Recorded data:
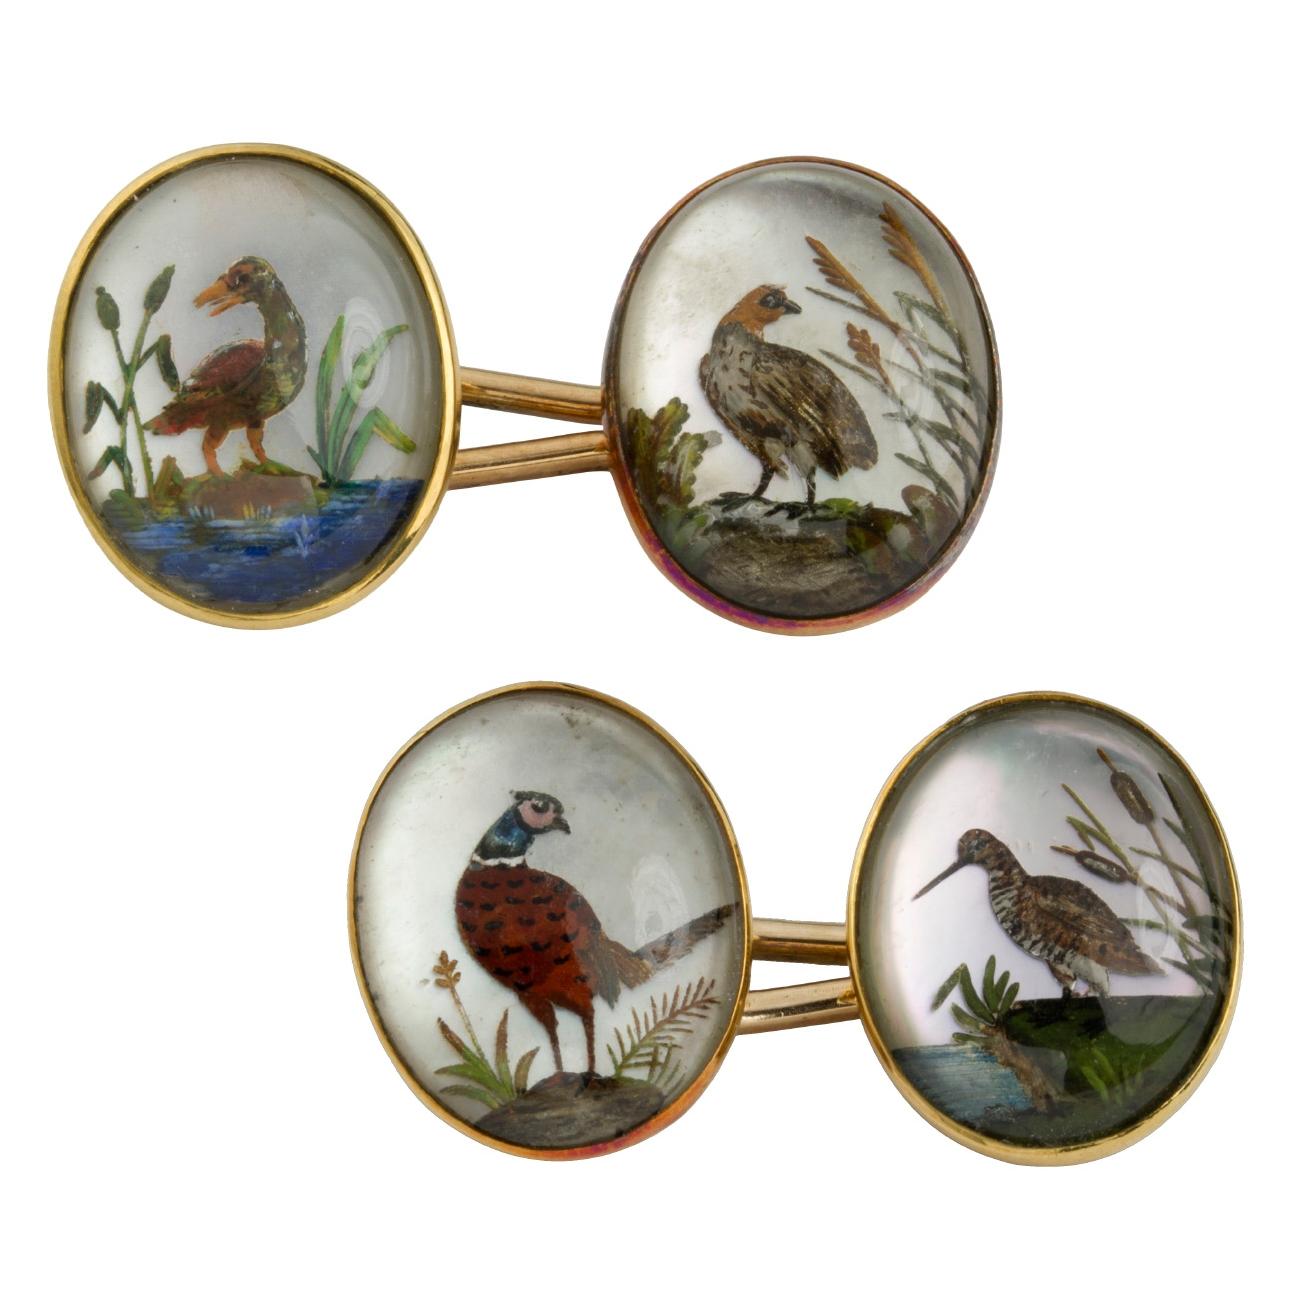  pair of late Victorian reverse intaglio crystal cufflinks, the cabochon-cut crystal faces each depicting different images of game birds, each set on an 18 carat gold rubover mount, connected by a baton fastening, hallmarked 18 carat gold, circa
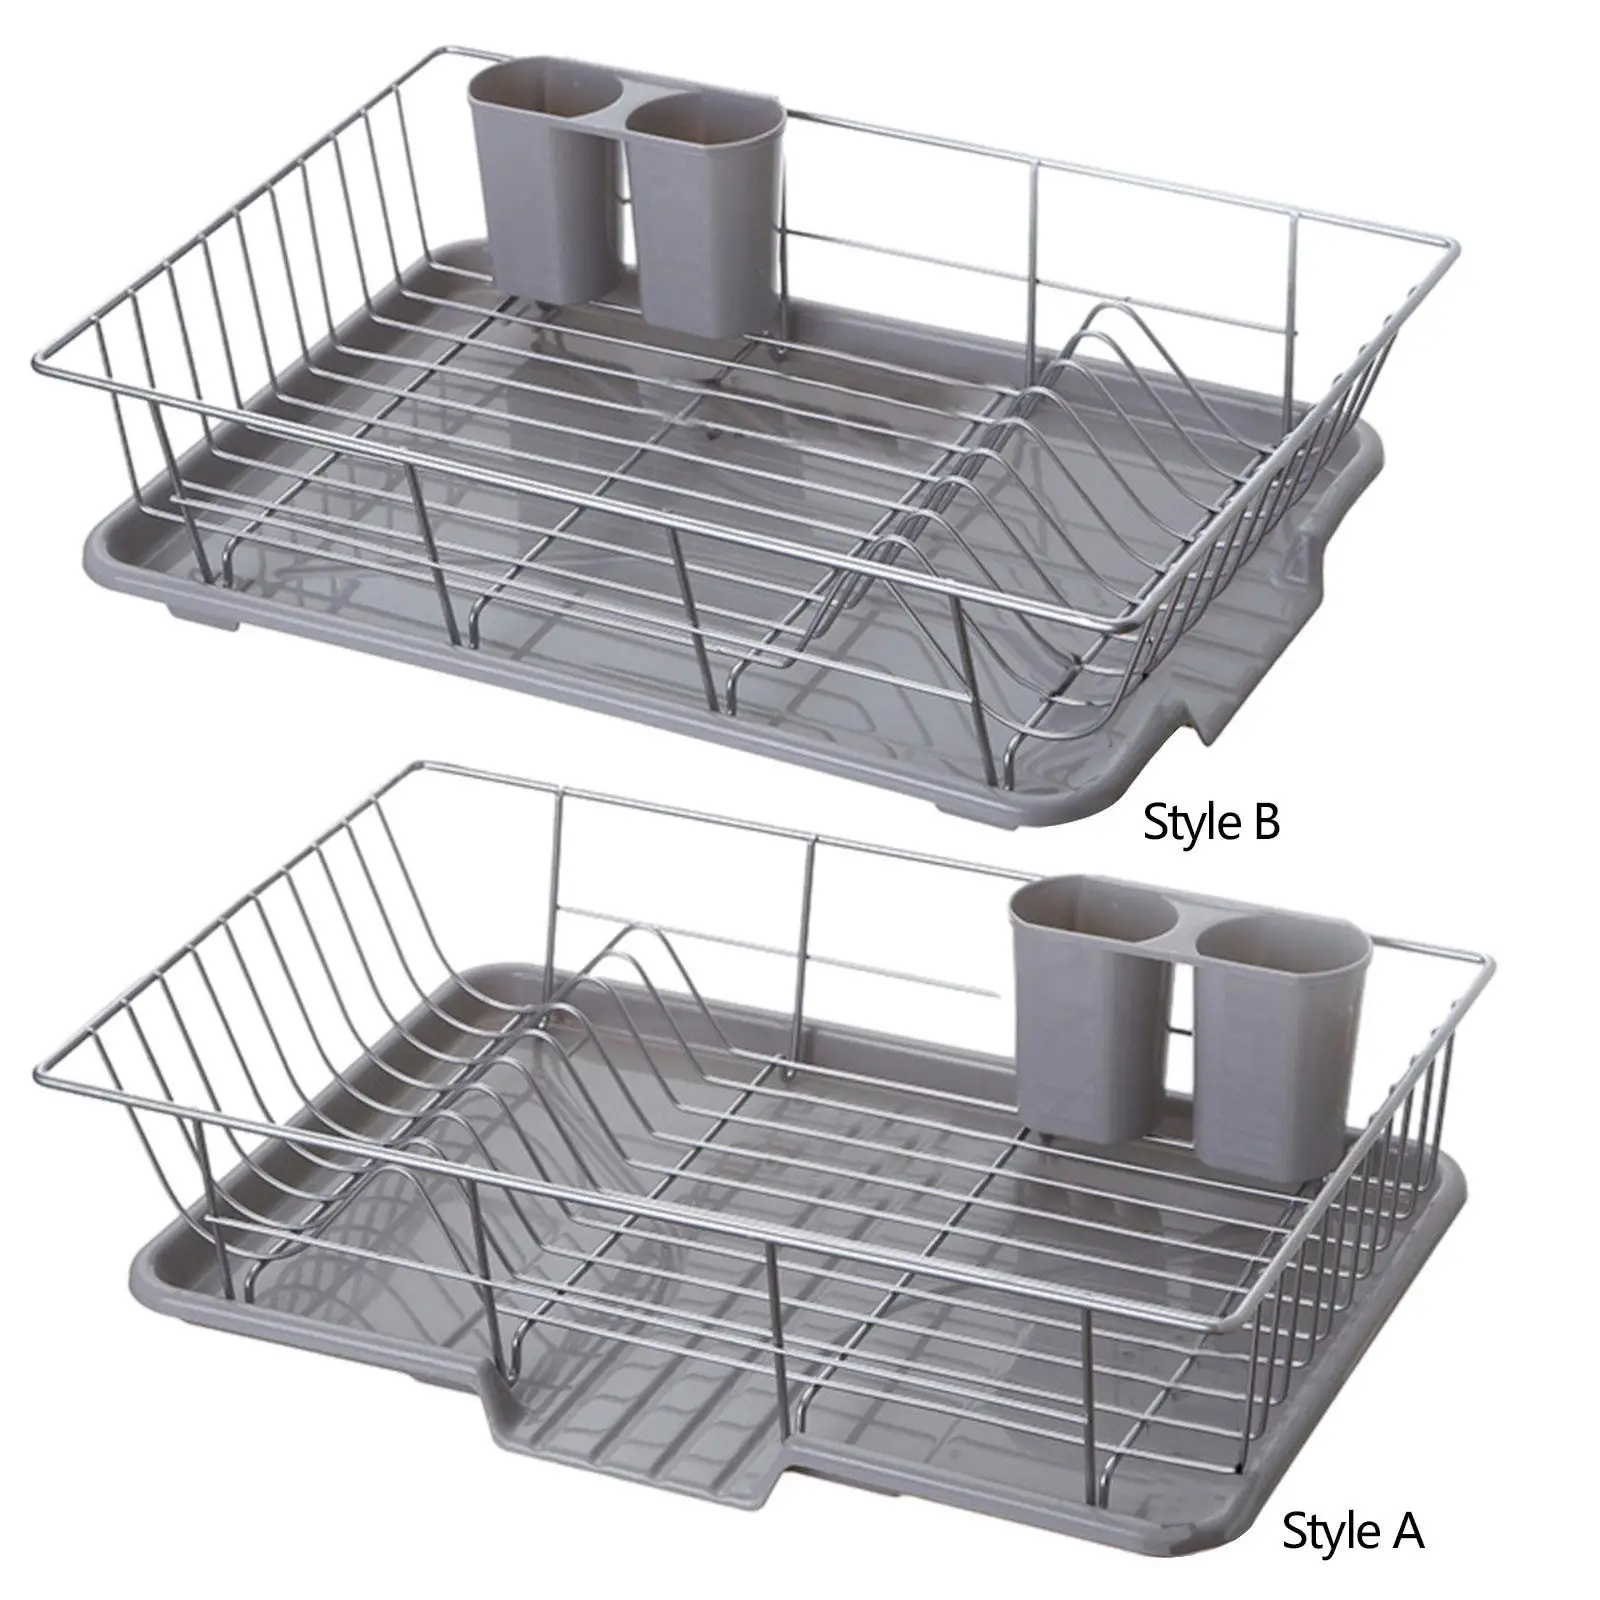 Dish Drainer Portable Utensil Holder with Drainboard Kitchen Drying Rack Dish Racks for Countertop Plates Kitchen Forks Bathroom
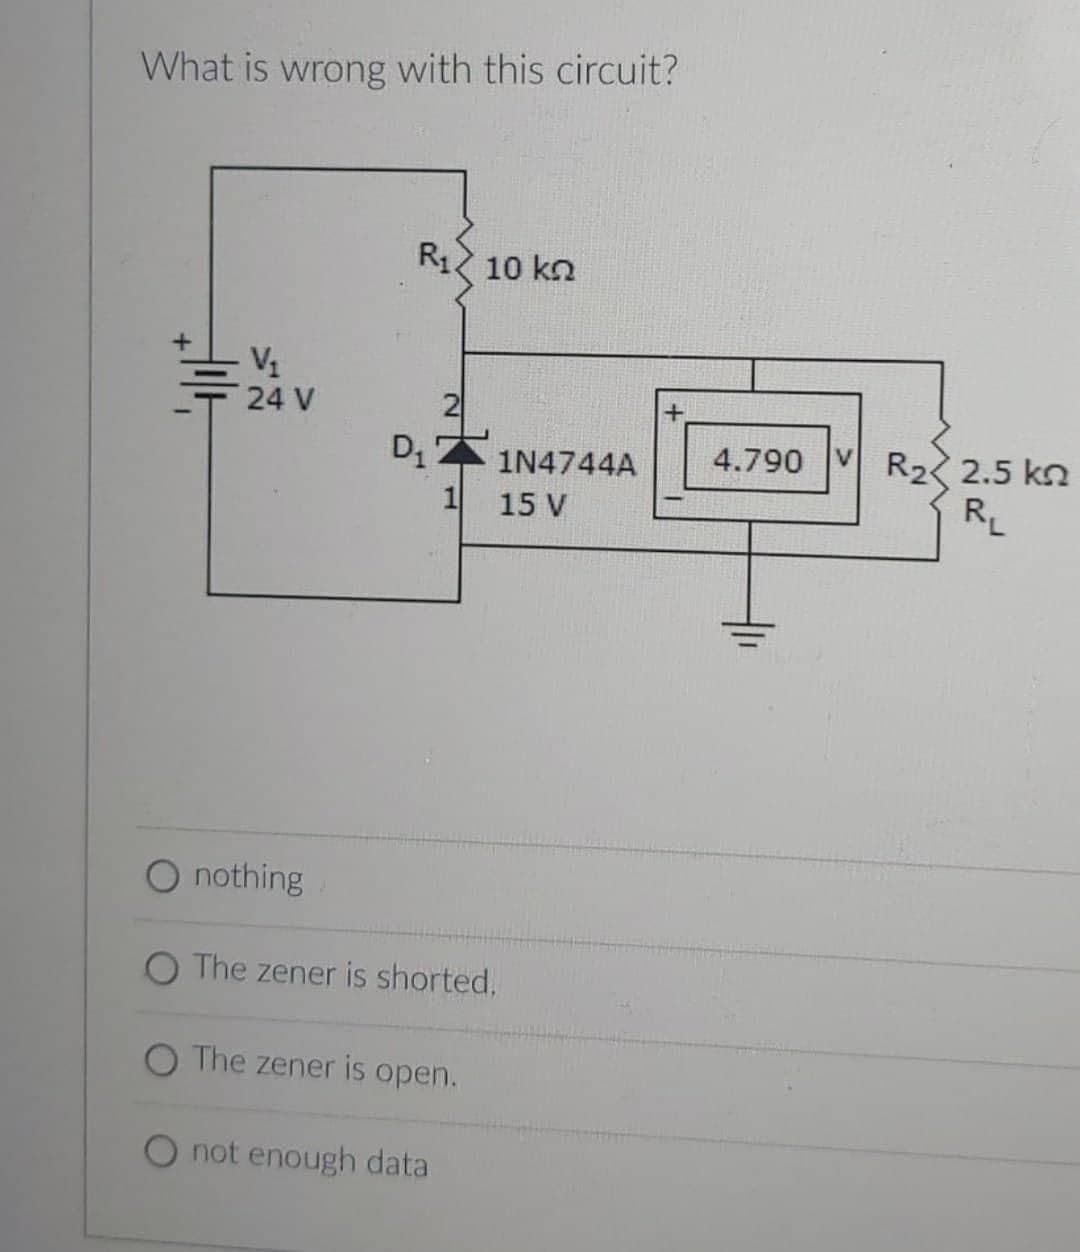 What is wrong with this circuit?
+
T
V₁
24 V
O nothing
R₁ 10 k
D₁
2
1
1N4744A
15 V
The zener is shorted,
O The zener is open.
O not enough data
+
4.790 VR₂2.5 kn
RL
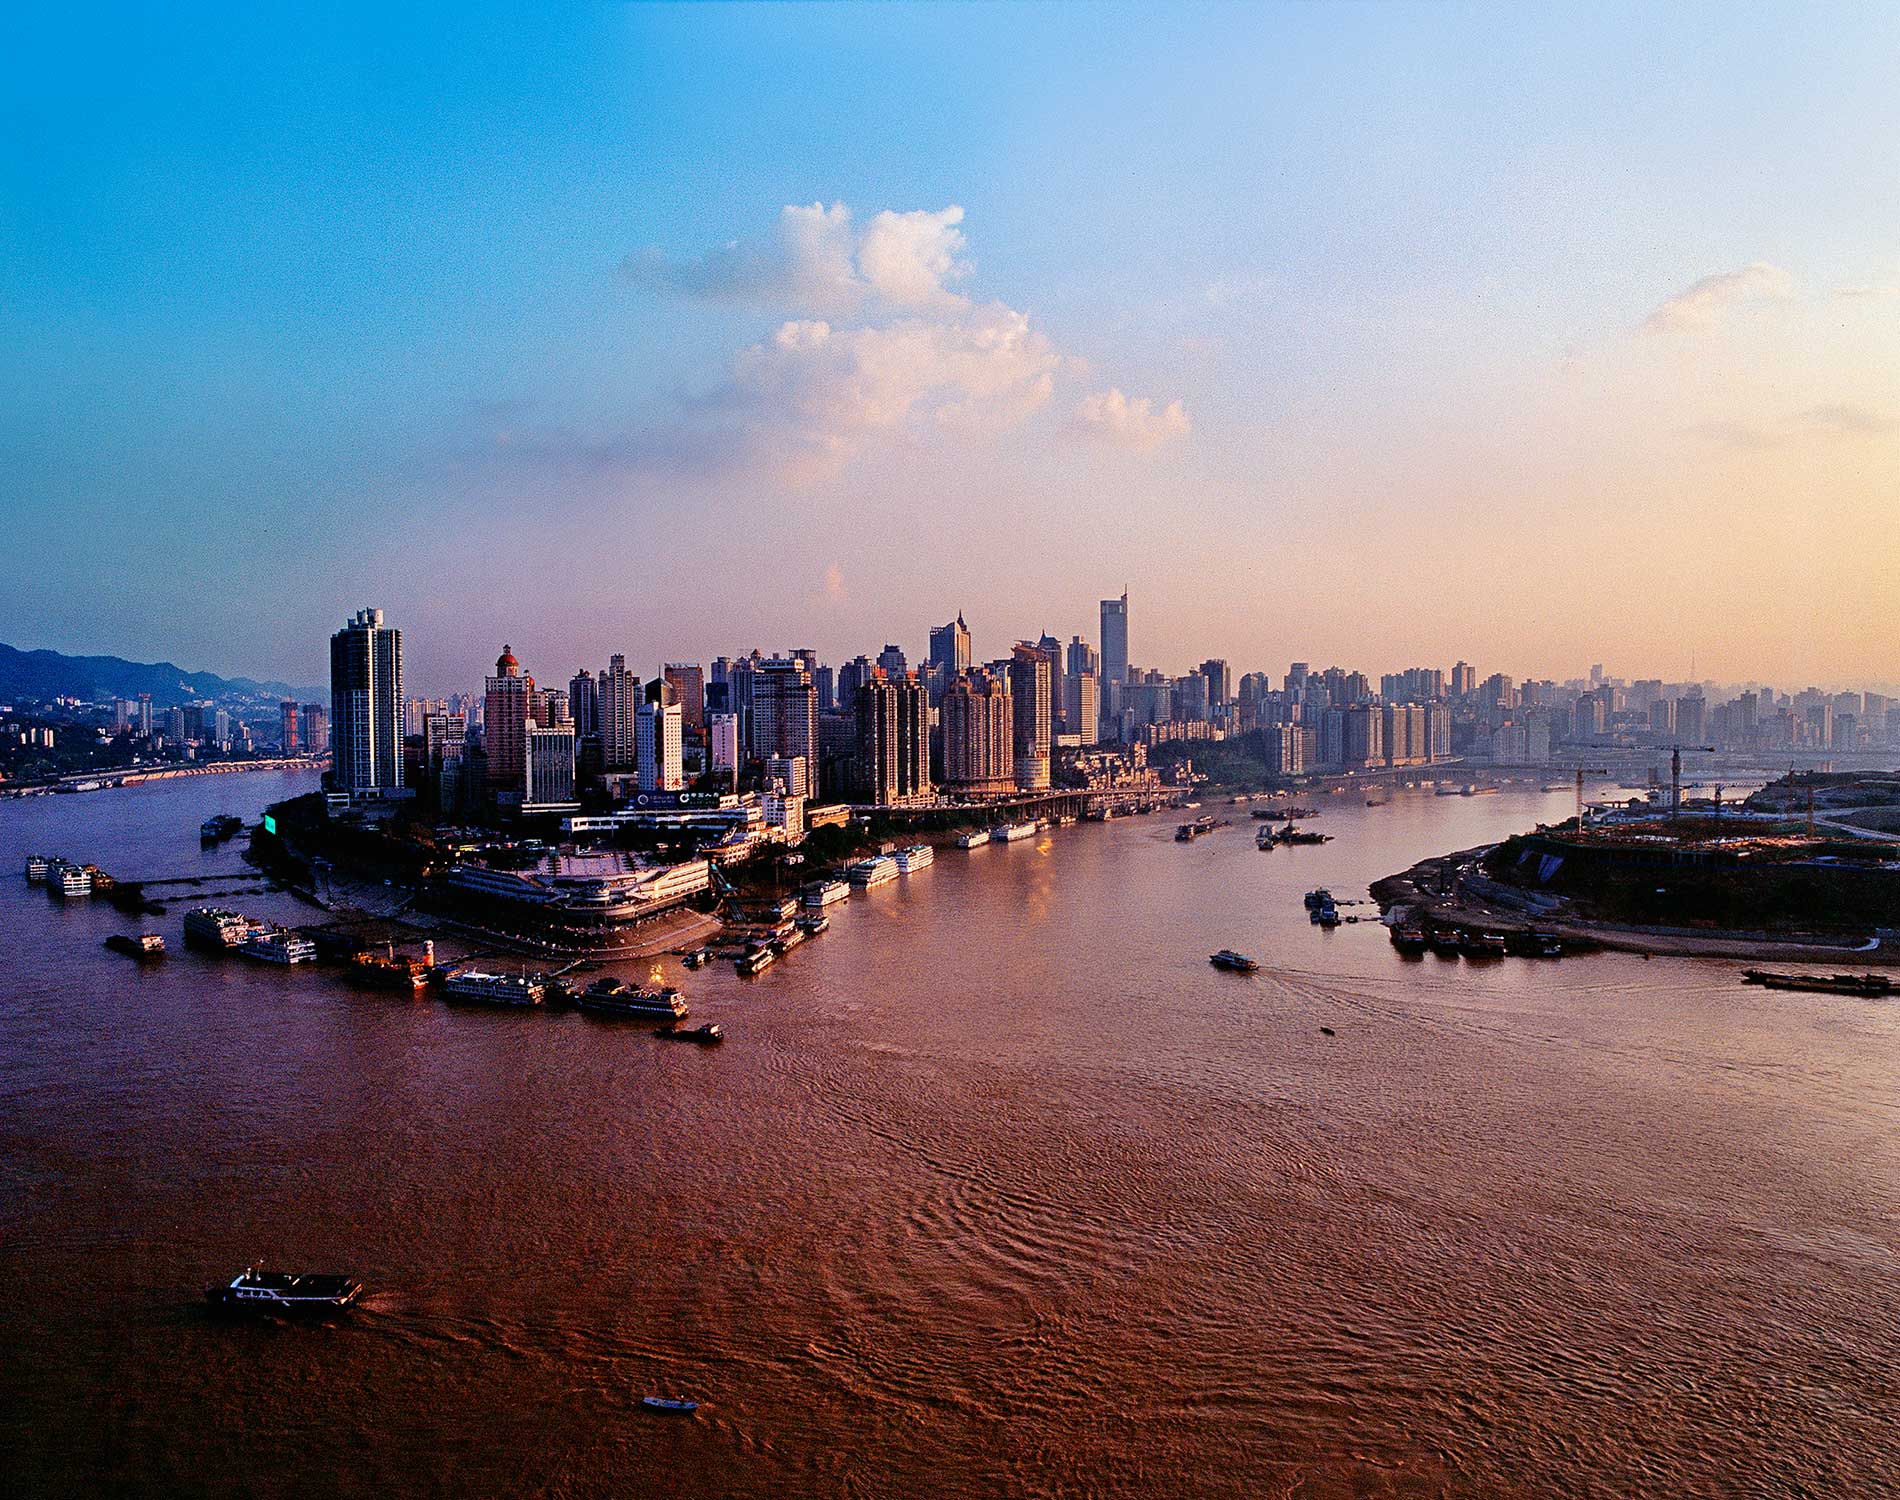 /-/media/images/website/background-images/offices/chongqing/chongqing_city_1900x1500px.ashx?sc_lang=pl-pl

* **Task objective**:
In the records above, some lines hold the word "zener"; copy each such line.

* **Exercise answer**:
The zener is shorted,
O The zener is open.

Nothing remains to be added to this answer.